Recurrent Events. Recurrent events are event classes that occur with some periodicity. For example, connections to a time card certification system may peak on the day that certifications are due. Identification of recurrent events informs experts on when they can expect a given event class to typically occur. In turn, this allows them to develop rules for other applications or detect unusual behaviors.

Identification of recurrent events follows naturally from the calculation of cross-correlation coefficients described in Sect. 3.3. Given flow records, we may encode time series based on occurrence count, byte or packet counts. The bin sizes are chosen based on the periodicity being explored. Once the time series is encoded, we may slightly modify the Erdem coefficient \(\rho _{0}\) to calculate the autocorrelation.

Substituting a time series X into (3) for both the X and Y inputs gives:

$$\begin{aligned} \alpha _{xx}\left[ \ell \right] = \frac{1}{T-1} \sum _{t=2}^{T-\ell } r_{xt} r_{xt+\ell } \qquad \ell \in \left( 0, \infty \right) \end{aligned}$$
(6)

Analogously to the original cross-correlation approach, this coefficient describe the covariation of a time series with itself at various lag and is contained within the range \(\left[ -1,1 \right] \). A coefficient closer to 1 indicates a strong positive correlation, or that the time series tends to change in a similar manner over time. By its definition, the autocorrelation coefficient will always equal 1 at the zero lag because a time series is always correlated with itself.
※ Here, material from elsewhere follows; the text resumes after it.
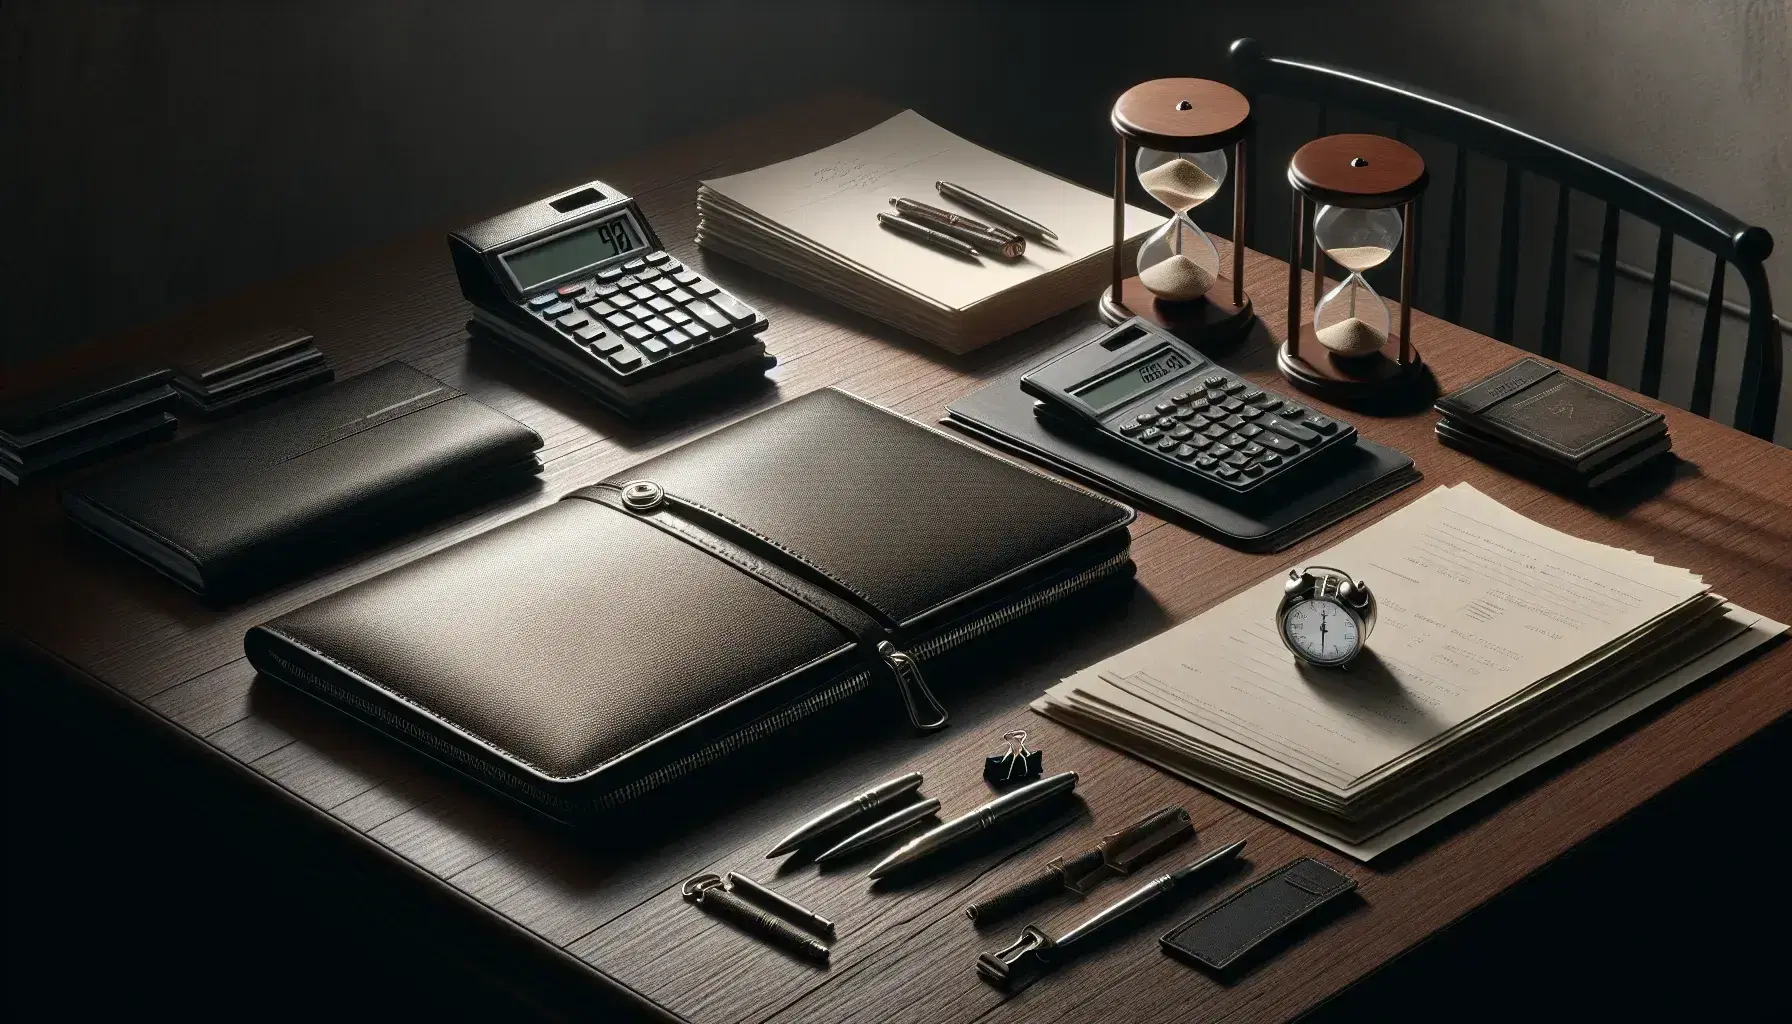 Mesa de madera oscura con portafolio de cuero negro, calculadora científica gris, papeles blancos, reloj de arena y bolígrafo metálico bajo luz suave.
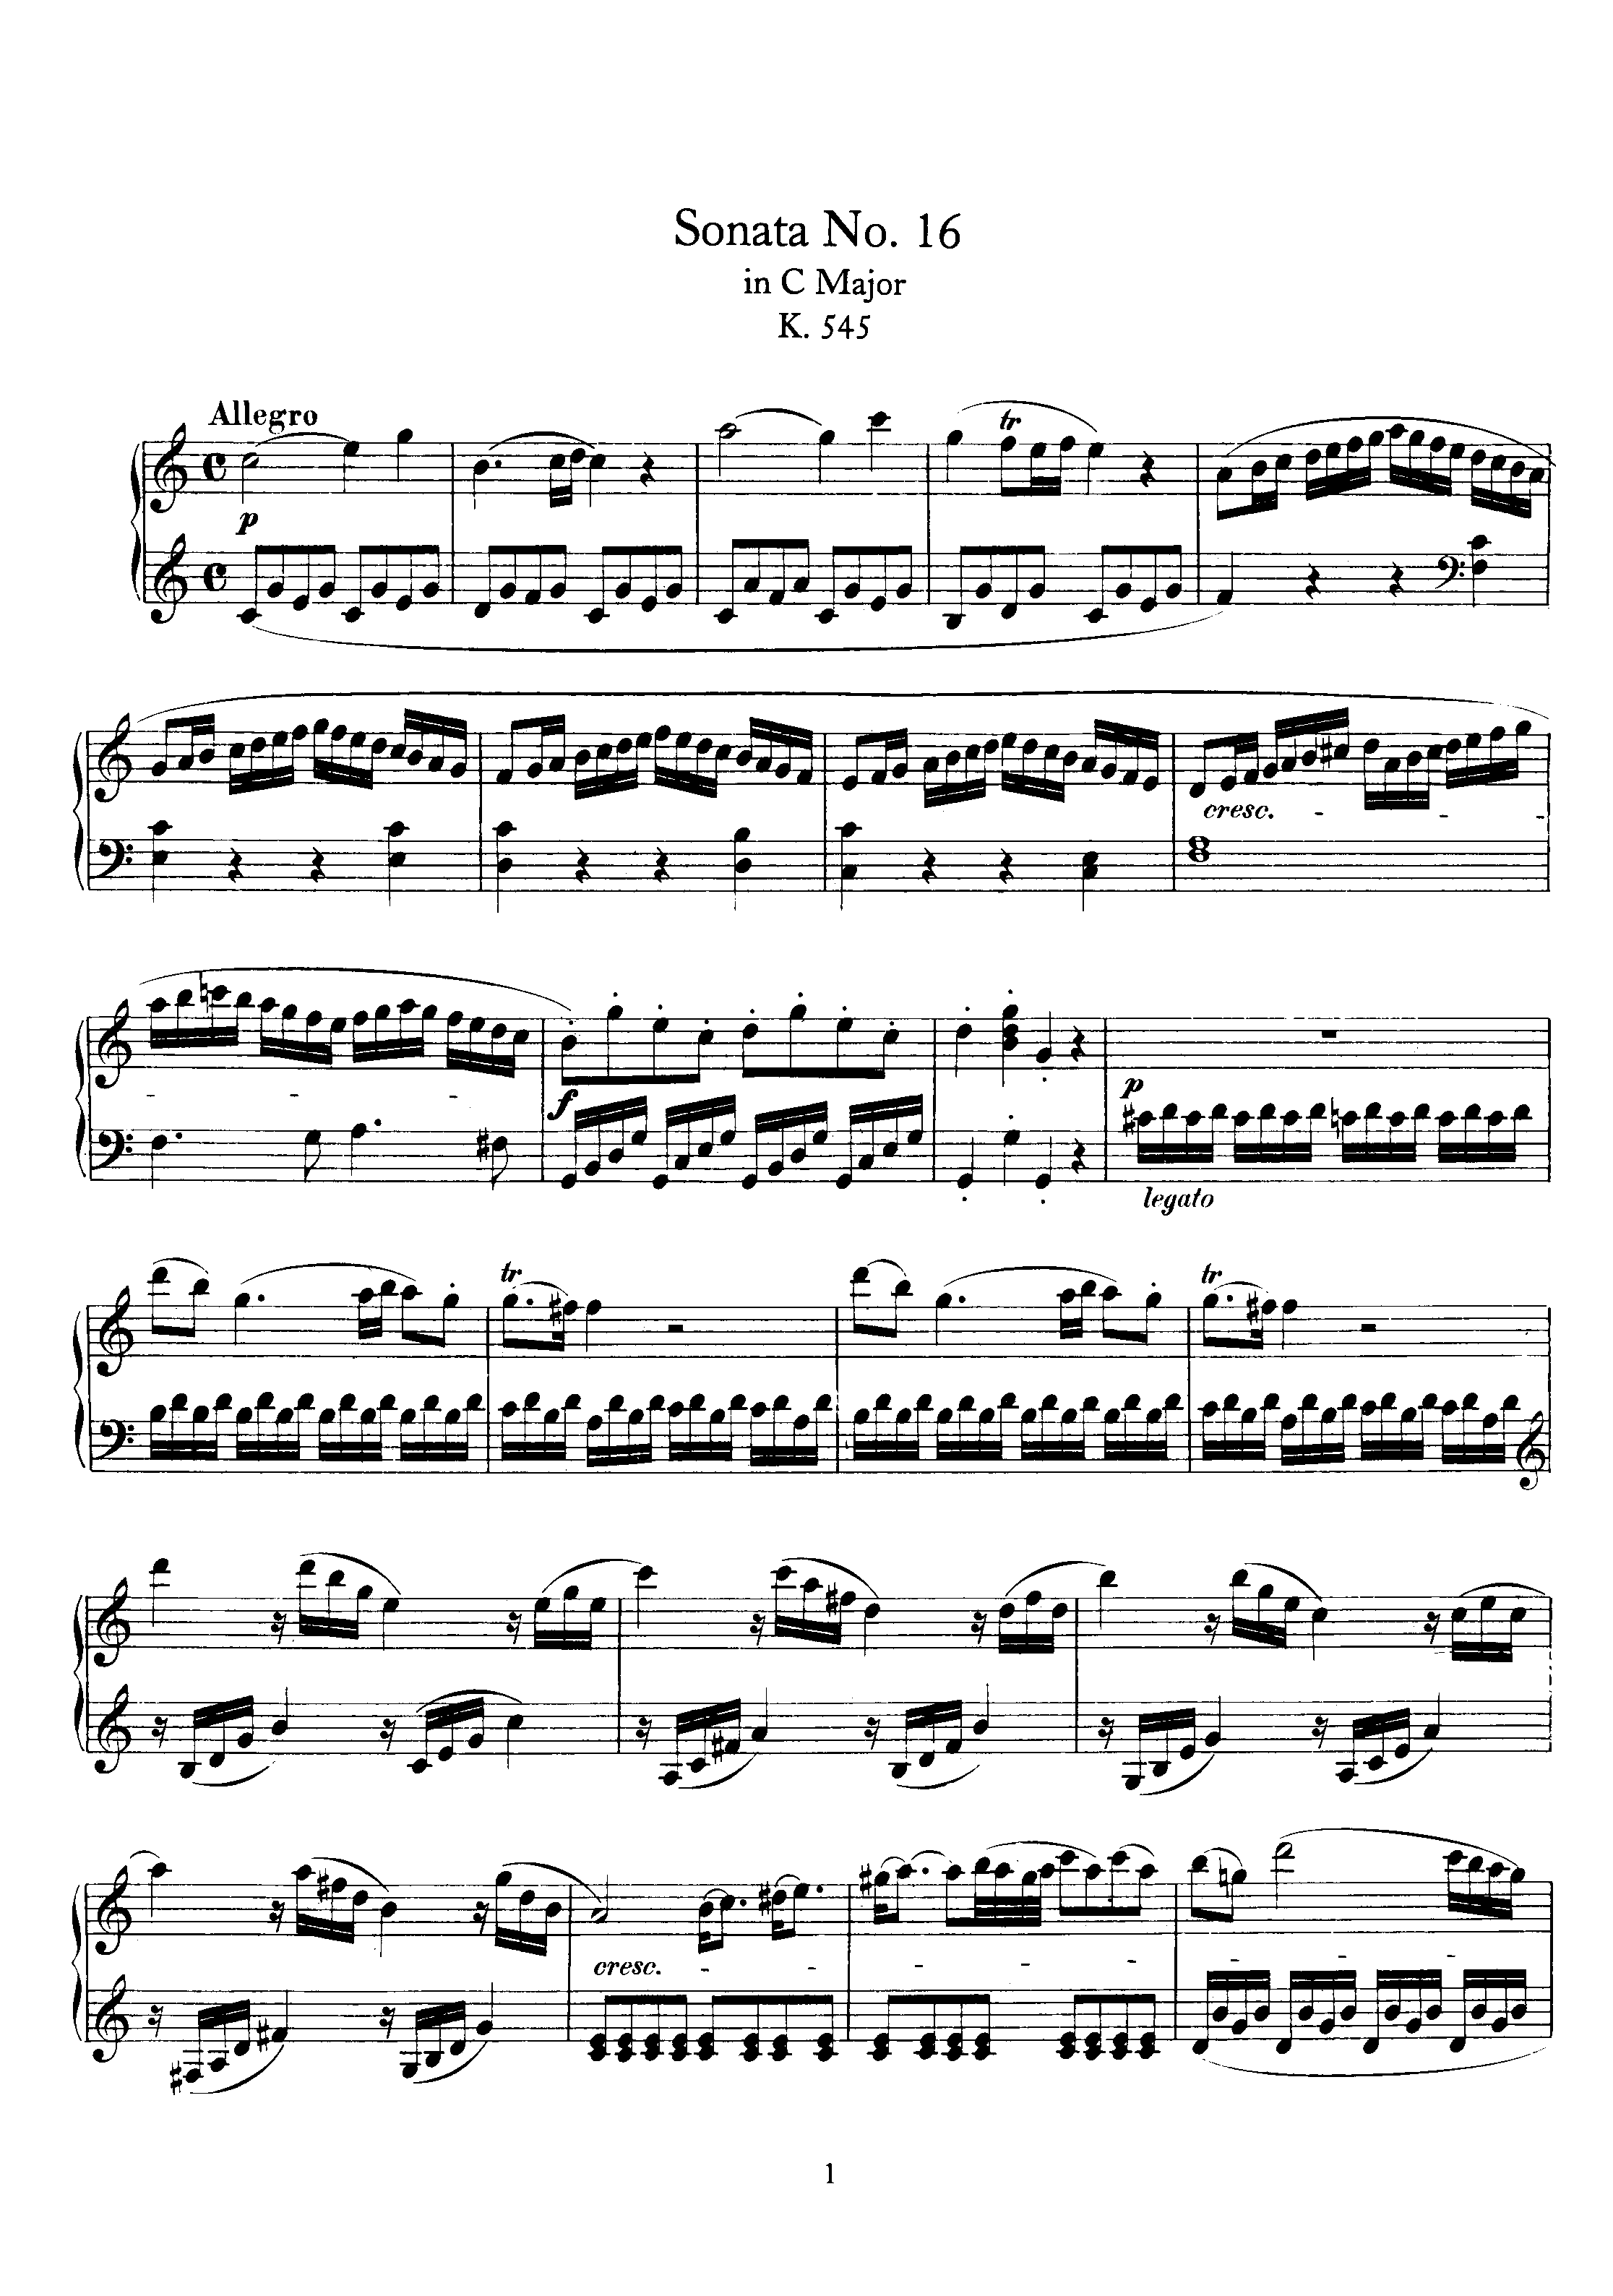 Piano Sonata No. 16 k545 all movement Score

When autocorrelation is performed on a time series, a resulting peak indicates the period at which the event class tends to occur. For example, if data is binned by the minute and there is a peak in the autocorrelation at lag 10, this event tends to reoccur every 10 min. The lack of a peak in the autocorrelation implies that the event class does not display any recurrent behavior at the current level of granularity. However, care should be taken to verify that periodicity cannot be identified at a different granularity.

Recurrent Correlations. It may be of further interest to explore recurrent correlation present within the dataset. A recurrent correlation is a significant co-occurrence that will occur at regular time intervals. For example, an individual may initiate a remote session connection once a day. Identification of these patterns allow experts to determine typical joint behaviors of event classes.

Determination of a recurrent correlation follows similar steps as those for recurrent events. The difference exists in the encoded time series that is the input to the autocorrelation function. For this case, the time series are encoded based on the presence of significant relationships. The time series bins contain counts of significant co-occurrences during that time interval. A peak in the resulting autocorrelation indicates that there is periodicity in this relationship.

5.3 Further Application

The work presented shows how Erdem’s coefficient can be expanded to find lagged correlations between time series. This approach furthers experts’ understanding of relationships within a network. An understanding of significant correlations can aid in related domains, such as mission assurance. When contemplating the risks involved in completing an organization’s mission, it is necessary to understand the underlying dependencies in the networks that support the organization. Unexpected relationships may lead to additional considerations when evaluating the criticality of mission support systems.

6 Conclusion

This paper presents a general method to characterize network behaviors that manifest in the temporal domain. The characterized behaviors describe interactions between networked components. By analyzing the data in the temporal domain, indirect relationships (an indirect relationship is one in which no graph path exists between components) may be inferred. The proposed method employs significant co-occurrences detection which is a generalization of our prior work on dependency discovery. Formulations of different mechanisms governing interactions, influence the design of aggregation and encoding stages. We showed the method can be applied on flow information to related problems such as coupled remote shell sessions. Further analysis can be applied to determine the notability of the co-occurrence to network defenders and operators.